Problem requirements:
Please repeat exactly the lines below from the line with "Fuse Rating" to the line with "Softball Baseball Mom", including both, and leave out every picture.

Entries supplied:
▬▬▬
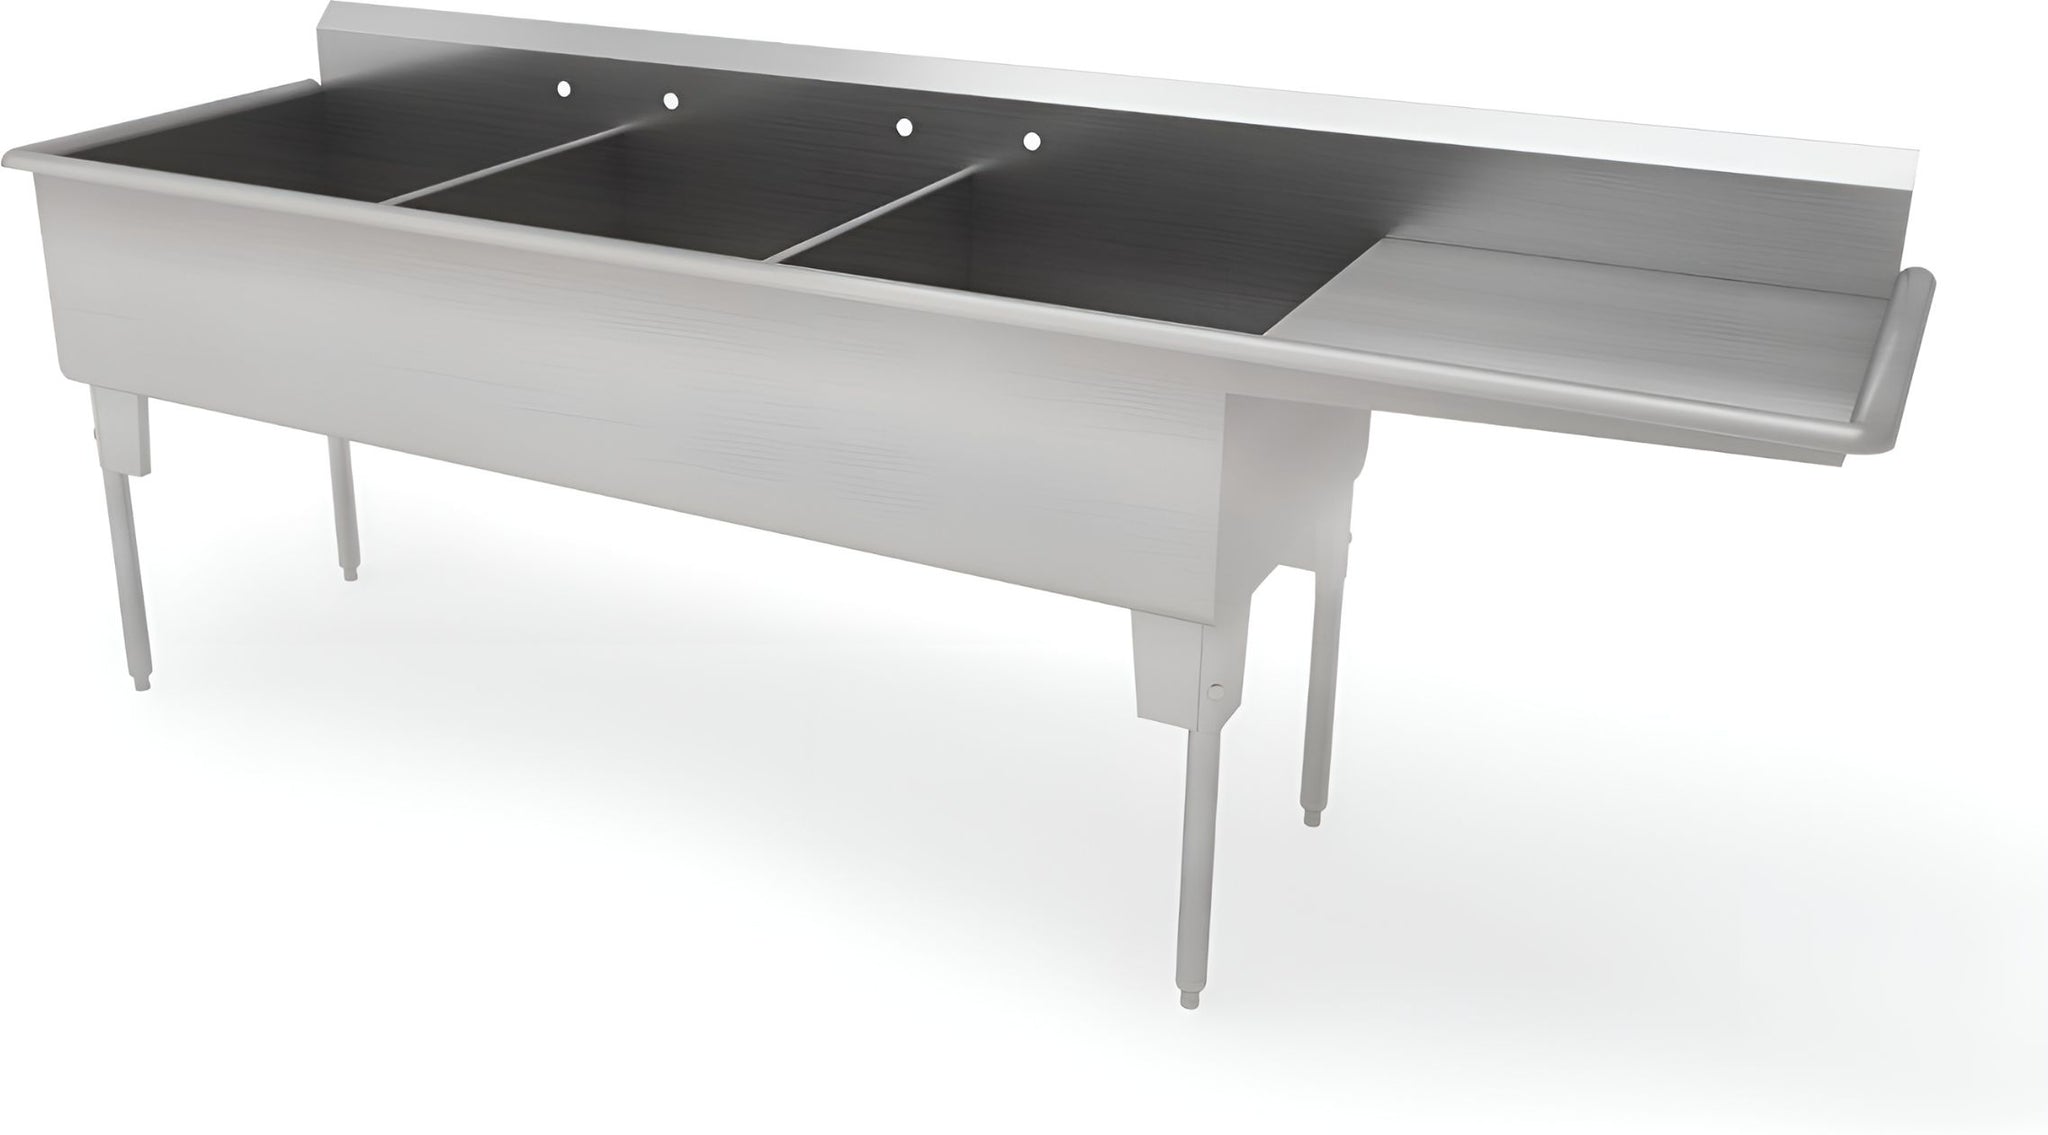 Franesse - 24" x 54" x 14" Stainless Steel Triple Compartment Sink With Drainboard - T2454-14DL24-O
▬▬▬
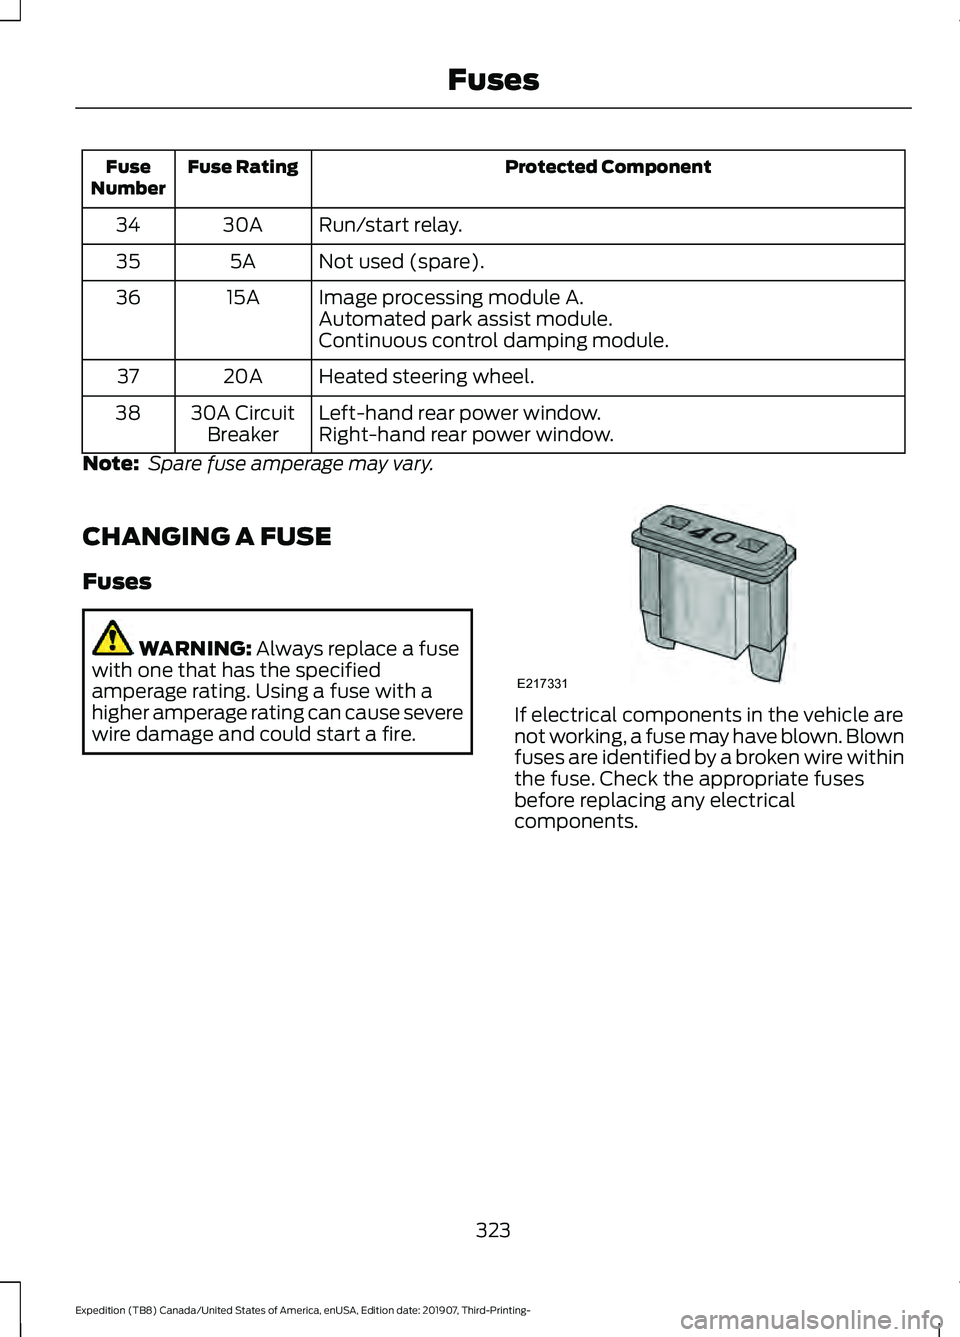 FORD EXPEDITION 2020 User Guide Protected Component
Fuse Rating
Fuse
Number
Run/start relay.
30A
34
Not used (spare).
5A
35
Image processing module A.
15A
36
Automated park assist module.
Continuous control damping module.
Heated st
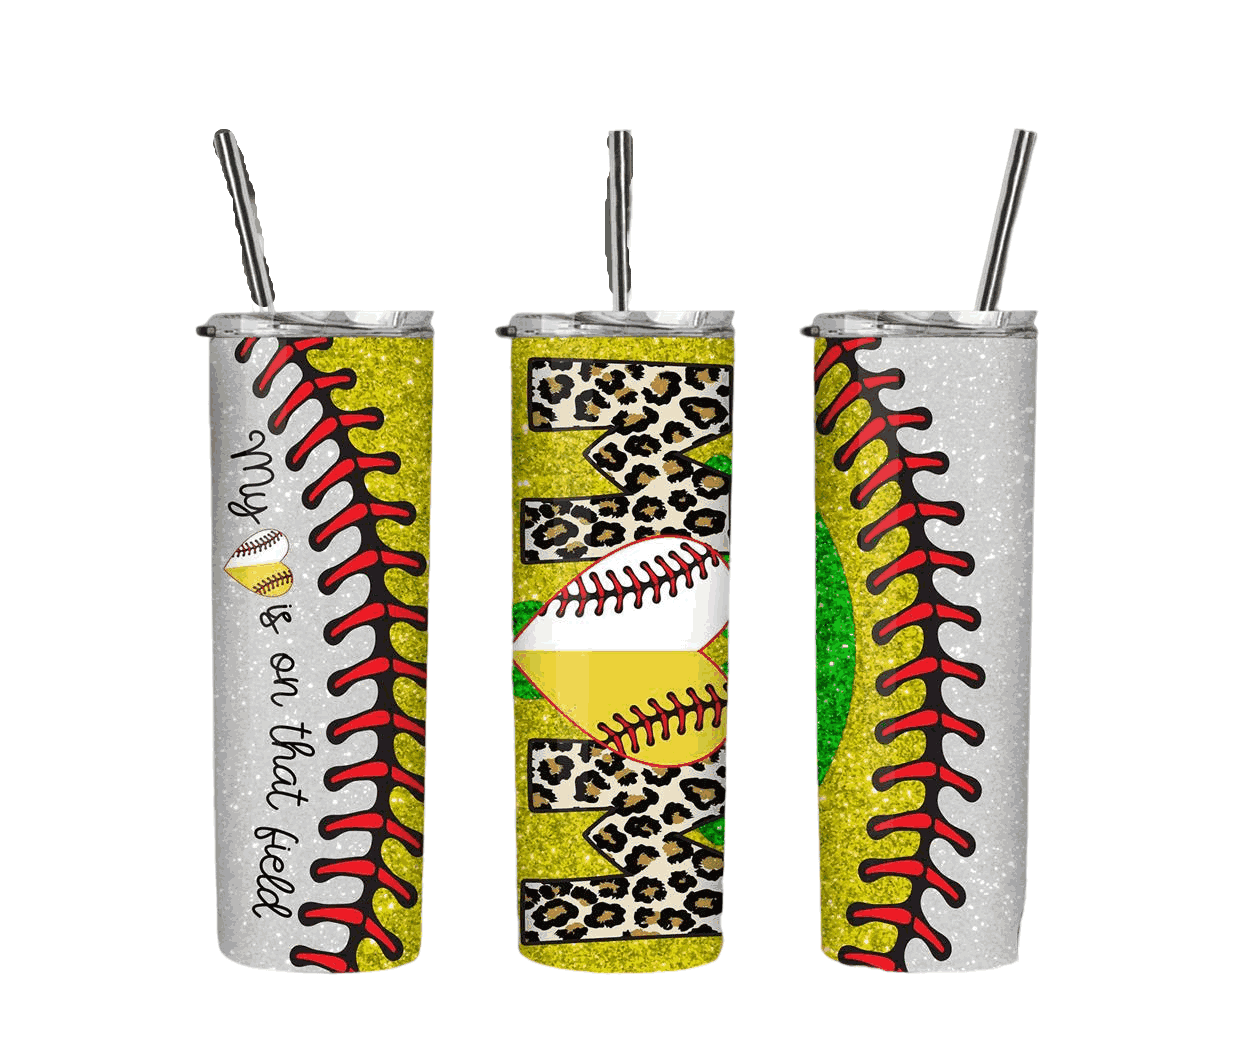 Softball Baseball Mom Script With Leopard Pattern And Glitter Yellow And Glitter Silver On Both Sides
▬▬▬
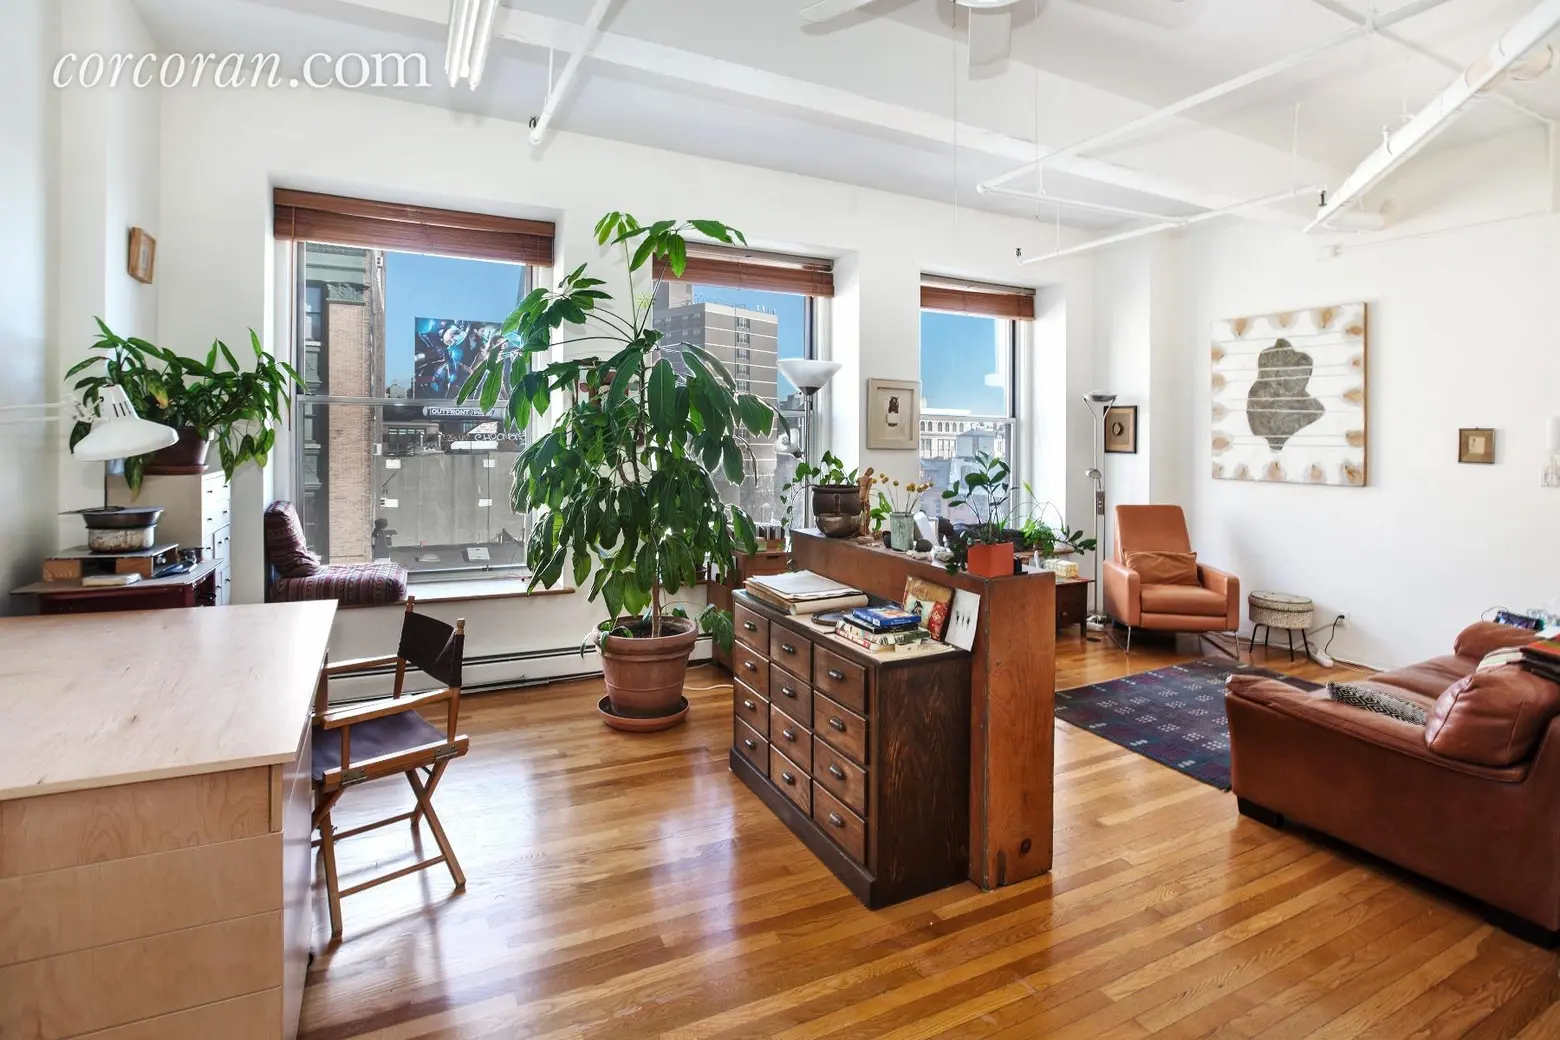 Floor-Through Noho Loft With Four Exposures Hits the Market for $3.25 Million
▬▬▬
Output:
Fuse Rating
Fuse
Number
Run/start relay.
30A
34
Not used (spare).
5A
35
Image processing module A.
15A
36
Automated park assist module.
Continuous control damping module.
Heated st
 Softball Baseball Mom Script With Leopard Pattern And Glitter Yellow And Glitter Silver On Both Sides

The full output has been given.